Saved entries

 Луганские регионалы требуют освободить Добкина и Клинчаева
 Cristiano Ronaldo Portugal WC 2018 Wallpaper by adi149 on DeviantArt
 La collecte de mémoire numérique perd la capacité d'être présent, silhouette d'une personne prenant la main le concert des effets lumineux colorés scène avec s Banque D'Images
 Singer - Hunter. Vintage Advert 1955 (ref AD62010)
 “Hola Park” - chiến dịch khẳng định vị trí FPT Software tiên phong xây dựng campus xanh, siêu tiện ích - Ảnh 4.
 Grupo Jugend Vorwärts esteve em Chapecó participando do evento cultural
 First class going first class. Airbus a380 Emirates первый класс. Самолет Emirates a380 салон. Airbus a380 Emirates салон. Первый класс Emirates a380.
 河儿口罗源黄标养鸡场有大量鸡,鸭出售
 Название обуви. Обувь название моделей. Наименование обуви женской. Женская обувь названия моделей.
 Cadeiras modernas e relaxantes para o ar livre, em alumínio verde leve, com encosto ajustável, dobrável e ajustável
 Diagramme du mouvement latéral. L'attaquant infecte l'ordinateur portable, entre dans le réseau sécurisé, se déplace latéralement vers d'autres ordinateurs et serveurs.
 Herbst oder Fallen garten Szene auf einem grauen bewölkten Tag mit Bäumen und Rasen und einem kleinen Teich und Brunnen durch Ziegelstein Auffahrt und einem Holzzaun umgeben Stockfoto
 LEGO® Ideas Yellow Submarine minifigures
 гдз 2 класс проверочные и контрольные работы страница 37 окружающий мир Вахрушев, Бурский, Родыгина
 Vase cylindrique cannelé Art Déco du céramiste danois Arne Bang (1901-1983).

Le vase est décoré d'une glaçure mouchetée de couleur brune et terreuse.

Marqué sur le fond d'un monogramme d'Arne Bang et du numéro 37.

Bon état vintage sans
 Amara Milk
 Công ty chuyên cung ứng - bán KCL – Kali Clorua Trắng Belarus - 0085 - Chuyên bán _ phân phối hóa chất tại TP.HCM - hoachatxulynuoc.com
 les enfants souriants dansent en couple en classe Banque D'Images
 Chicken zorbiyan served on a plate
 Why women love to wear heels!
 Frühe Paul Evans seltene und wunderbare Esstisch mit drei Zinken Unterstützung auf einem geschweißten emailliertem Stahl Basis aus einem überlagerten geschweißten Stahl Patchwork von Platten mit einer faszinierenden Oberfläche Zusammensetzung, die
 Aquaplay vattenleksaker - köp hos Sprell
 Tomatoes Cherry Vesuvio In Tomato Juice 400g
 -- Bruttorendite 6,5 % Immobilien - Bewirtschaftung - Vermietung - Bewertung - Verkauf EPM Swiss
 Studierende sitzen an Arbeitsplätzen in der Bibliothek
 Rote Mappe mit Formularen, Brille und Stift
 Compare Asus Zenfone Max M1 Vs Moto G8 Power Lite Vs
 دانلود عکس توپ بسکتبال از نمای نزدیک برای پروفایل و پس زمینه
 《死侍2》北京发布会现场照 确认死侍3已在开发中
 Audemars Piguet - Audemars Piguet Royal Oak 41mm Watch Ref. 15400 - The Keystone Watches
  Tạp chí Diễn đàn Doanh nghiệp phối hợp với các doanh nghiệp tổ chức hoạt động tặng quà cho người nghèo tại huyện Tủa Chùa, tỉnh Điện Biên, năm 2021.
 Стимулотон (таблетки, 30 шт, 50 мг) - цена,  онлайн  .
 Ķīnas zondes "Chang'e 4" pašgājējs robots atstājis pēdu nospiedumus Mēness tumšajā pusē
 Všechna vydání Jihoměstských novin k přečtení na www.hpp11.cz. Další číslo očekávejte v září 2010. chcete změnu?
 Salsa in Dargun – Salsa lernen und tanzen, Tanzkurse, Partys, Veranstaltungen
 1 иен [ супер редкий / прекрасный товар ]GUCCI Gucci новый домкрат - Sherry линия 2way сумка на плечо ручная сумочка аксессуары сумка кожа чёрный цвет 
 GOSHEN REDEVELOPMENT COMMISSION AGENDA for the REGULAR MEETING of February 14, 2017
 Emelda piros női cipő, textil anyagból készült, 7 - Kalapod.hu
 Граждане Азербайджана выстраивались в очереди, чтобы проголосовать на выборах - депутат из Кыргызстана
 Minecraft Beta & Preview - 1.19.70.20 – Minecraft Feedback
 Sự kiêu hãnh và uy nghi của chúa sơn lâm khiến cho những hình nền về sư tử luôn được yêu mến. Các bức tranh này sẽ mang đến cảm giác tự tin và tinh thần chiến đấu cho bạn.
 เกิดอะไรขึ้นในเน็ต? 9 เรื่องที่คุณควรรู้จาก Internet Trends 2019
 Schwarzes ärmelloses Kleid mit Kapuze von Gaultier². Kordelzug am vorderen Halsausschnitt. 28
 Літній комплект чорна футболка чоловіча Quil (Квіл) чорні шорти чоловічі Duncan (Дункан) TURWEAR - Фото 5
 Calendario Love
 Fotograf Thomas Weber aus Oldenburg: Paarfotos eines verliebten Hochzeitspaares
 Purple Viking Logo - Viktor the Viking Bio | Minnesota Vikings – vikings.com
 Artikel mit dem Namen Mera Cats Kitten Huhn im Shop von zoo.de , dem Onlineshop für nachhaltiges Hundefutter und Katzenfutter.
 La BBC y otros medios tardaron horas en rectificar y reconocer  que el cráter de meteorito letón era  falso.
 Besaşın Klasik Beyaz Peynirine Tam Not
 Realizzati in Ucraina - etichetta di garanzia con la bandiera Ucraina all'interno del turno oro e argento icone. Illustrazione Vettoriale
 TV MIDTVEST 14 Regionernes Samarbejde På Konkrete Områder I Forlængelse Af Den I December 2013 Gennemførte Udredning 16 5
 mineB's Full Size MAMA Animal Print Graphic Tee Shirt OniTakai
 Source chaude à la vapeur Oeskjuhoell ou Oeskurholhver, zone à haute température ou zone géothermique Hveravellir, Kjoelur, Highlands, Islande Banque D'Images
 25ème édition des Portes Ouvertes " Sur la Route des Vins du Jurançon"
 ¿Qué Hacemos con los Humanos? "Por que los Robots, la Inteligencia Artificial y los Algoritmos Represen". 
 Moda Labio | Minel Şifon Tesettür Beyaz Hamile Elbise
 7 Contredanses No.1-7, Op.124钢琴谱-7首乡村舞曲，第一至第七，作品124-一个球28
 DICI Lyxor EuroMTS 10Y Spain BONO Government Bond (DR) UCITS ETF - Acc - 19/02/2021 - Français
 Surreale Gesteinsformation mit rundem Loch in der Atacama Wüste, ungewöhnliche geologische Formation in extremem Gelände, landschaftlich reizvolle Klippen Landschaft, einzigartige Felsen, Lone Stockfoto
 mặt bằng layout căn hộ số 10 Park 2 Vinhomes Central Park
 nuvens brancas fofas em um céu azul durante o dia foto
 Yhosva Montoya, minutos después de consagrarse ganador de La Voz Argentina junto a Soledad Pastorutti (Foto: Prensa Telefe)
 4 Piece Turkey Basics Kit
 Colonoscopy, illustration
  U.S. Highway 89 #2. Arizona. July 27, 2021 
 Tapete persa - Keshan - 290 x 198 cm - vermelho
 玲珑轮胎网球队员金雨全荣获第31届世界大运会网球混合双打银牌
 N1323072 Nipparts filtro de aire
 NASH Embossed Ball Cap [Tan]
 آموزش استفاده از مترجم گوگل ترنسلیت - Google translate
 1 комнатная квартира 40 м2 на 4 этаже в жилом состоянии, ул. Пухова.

TASK REQUIREMENTS
All lines from the start of the entries through the line where "Aquaplay vattenleksaker - köp hos Sprell" sits should be duplicated exactly, with nothing else in the output.

FINAL ANSWER
 Луганские регионалы требуют освободить Добкина и Клинчаева
 Cristiano Ronaldo Portugal WC 2018 Wallpaper by adi149 on DeviantArt
 La collecte de mémoire numérique perd la capacité d'être présent, silhouette d'une personne prenant la main le concert des effets lumineux colorés scène avec s Banque D'Images
 Singer - Hunter. Vintage Advert 1955 (ref AD62010)
 “Hola Park” - chiến dịch khẳng định vị trí FPT Software tiên phong xây dựng campus xanh, siêu tiện ích - Ảnh 4.
 Grupo Jugend Vorwärts esteve em Chapecó participando do evento cultural
 First class going first class. Airbus a380 Emirates первый класс. Самолет Emirates a380 салон. Airbus a380 Emirates салон. Первый класс Emirates a380.
 河儿口罗源黄标养鸡场有大量鸡,鸭出售
 Название обуви. Обувь название моделей. Наименование обуви женской. Женская обувь названия моделей.
 Cadeiras modernas e relaxantes para o ar livre, em alumínio verde leve, com encosto ajustável, dobrável e ajustável
 Diagramme du mouvement latéral. L'attaquant infecte l'ordinateur portable, entre dans le réseau sécurisé, se déplace latéralement vers d'autres ordinateurs et serveurs.
 Herbst oder Fallen garten Szene auf einem grauen bewölkten Tag mit Bäumen und Rasen und einem kleinen Teich und Brunnen durch Ziegelstein Auffahrt und einem Holzzaun umgeben Stockfoto
 LEGO® Ideas Yellow Submarine minifigures
 гдз 2 класс проверочные и контрольные работы страница 37 окружающий мир Вахрушев, Бурский, Родыгина
 Vase cylindrique cannelé Art Déco du céramiste danois Arne Bang (1901-1983).

Le vase est décoré d'une glaçure mouchetée de couleur brune et terreuse.

Marqué sur le fond d'un monogramme d'Arne Bang et du numéro 37.

Bon état vintage sans
 Amara Milk
 Công ty chuyên cung ứng - bán KCL – Kali Clorua Trắng Belarus - 0085 - Chuyên bán _ phân phối hóa chất tại TP.HCM - hoachatxulynuoc.com
 les enfants souriants dansent en couple en classe Banque D'Images
 Chicken zorbiyan served on a plate
 Why women love to wear heels!
 Frühe Paul Evans seltene und wunderbare Esstisch mit drei Zinken Unterstützung auf einem geschweißten emailliertem Stahl Basis aus einem überlagerten geschweißten Stahl Patchwork von Platten mit einer faszinierenden Oberfläche Zusammensetzung, die
 Aquaplay vattenleksaker - köp hos Sprell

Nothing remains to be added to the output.